Monday, February 1, 2016

Sean O'Connor: What happened to the "art" in "useful arts"?

The constitutional justification for patents and copyrights is "[t]o promote the Progress of Science and useful Arts." In the late eighteenth century, "science" included all knowledge, and "useful arts" referred to technological rather than liberal arts. In The Lost 'Art' of the Patent System, Professor Sean O'Connor argues that although the modern patent system retains some "art"-based terminology—prior art, person having ordinary skill in the art, state of the art—the traditional conception of "art" has largely been displaced by modern conceptions of technology or science. He laments the implications of these developments, such as the increase in "upstream patenting" and a prejudice against non-technological inventions, and he argues that we must "recover the lost 'art' of the patent system."

The primary doctrinal lever O'Connor points to for addressing this issue is the utility requirement. He argues that "its current diluted interpretation (anything that does anything likely has substantial utility) may stem from its separation from the underlying art," and that courts should recognize that utility is, in my co-blogger Michael Risch's words, "A Surprisingly Useful Requirement." It might seem unlikely that courts will revive utility from its current "diluted" form, but commentators probably thought the same thing about patentable subject matter ten years ago.

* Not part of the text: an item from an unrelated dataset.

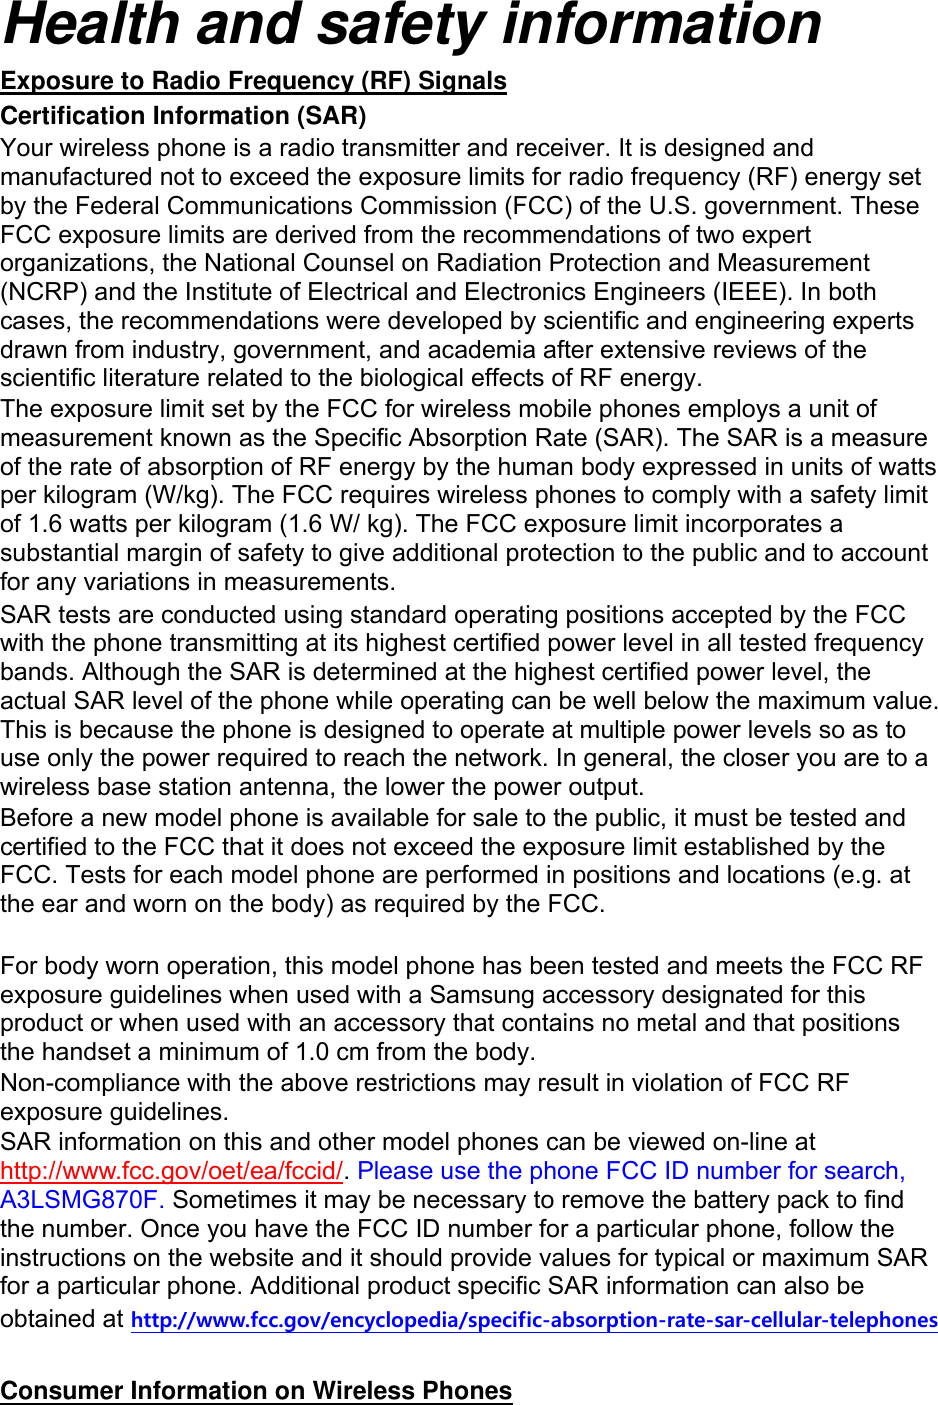 Health and safety information Exposure to Radio Frequency (RF) Signals Certification Information (SAR) Your wireless phone is a radio transmitter and receiver. It is designed and manufactured not to exceed the exposure limits for radio frequency (RF) energy set by the Federal Communications Commission (FCC) of the U.S. government. These FCC exposure limits are derived from the recommendations of two expert organizations, the National Counsel on Radiation Protection and Measurement (NCRP) and the Institute of Electrical and Electronics Engineers (IEEE). In both cases, the recommendations were developed by scientific and engineering experts drawn from industry, government, and academia after extensive reviews of the scientific literature related to the biological effects of RF energy. The exposure limit set by the FCC for wireless mobile phones employs a unit of measurement known as the Specific Absorption Rate (SAR). The SAR is a measure of the rate of absorption of RF energy by the human body expressed in units of watts per kilogram (W/kg). The FCC requires wireless phones to comply with a safety limit of 1.6 watts per kilogram (1.6 W/ kg). The FCC exposure limit incorporates a substantial margin of safety to give additional protection to the public and to account for any variations in measurements. SAR tests are conducted using standard operating positions accepted by the FCC with the phone transmitting at its highest certified power level in all tested frequency bands. Although the SAR is determined at the highest certified power level, the actual SAR level of the phone while operating can be well below the maximum value. This is because the phone is designed to operate at multiple power levels so as to use only the power required to reach the network. In general, the closer you are to a wireless base station antenna, the lower the power output. Before a new model phone is available for sale to the public, it must be tested and certified to the FCC that it does not exceed the exposure limit established by the FCC. Tests for each model phone are performed in positions and locations (e.g. at the ear and worn on the body) as required by the FCC.      For body worn operation, this model phone has been tested and meets the FCC RF exposure guidelines when used with a Samsung accessory designated for this product or when used with an accessory that contains no metal and that positions the handset a minimum of 1.0 cm from the body.   Non-compliance with the above restrictions may result in violation of FCC RF exposure guidelines. SAR information on this and other model phones can be viewed on-line at http://www.fcc.gov/oet/ea/fccid/. Please use the phone FCC ID number for search, A3LSMG870F. Sometimes it may be necessary to remove the battery pack to find the number. Once you have the FCC ID number for a particular phone, follow the instructions on the website and it should provide values for typical or maximum SAR for a particular phone. Additional product specific SAR information can also be obtained at http://www.fcc.gov/encyclopedia/specific-absorption-rate-sar-cellular-telephones  Consumer Information on Wireless Phones

In a 2014 talk at Stanford, Federal Circuit Judge Dyk noted: "Strangely, we don't generally ask whether a utility patent has the utility that is required by the patent statute," and he criticized the patent bar for being "too timid and too lacking in creativity" about raising novel arguments like this. I don't know that O'Connor's vision of utility is the one he had in mind, but there are some parallels between O'Connor's work and Judge Dyk's history-focused concurrence in Bilski (which was cited by the majority and Stevens's concurring opinion in Bilski, and by Justice Sotomayor's concurrence in Alice). Perhaps creative litigants attempting to breathe more life into utility will meet a more welcome reception at the Federal Circuit than they might expect.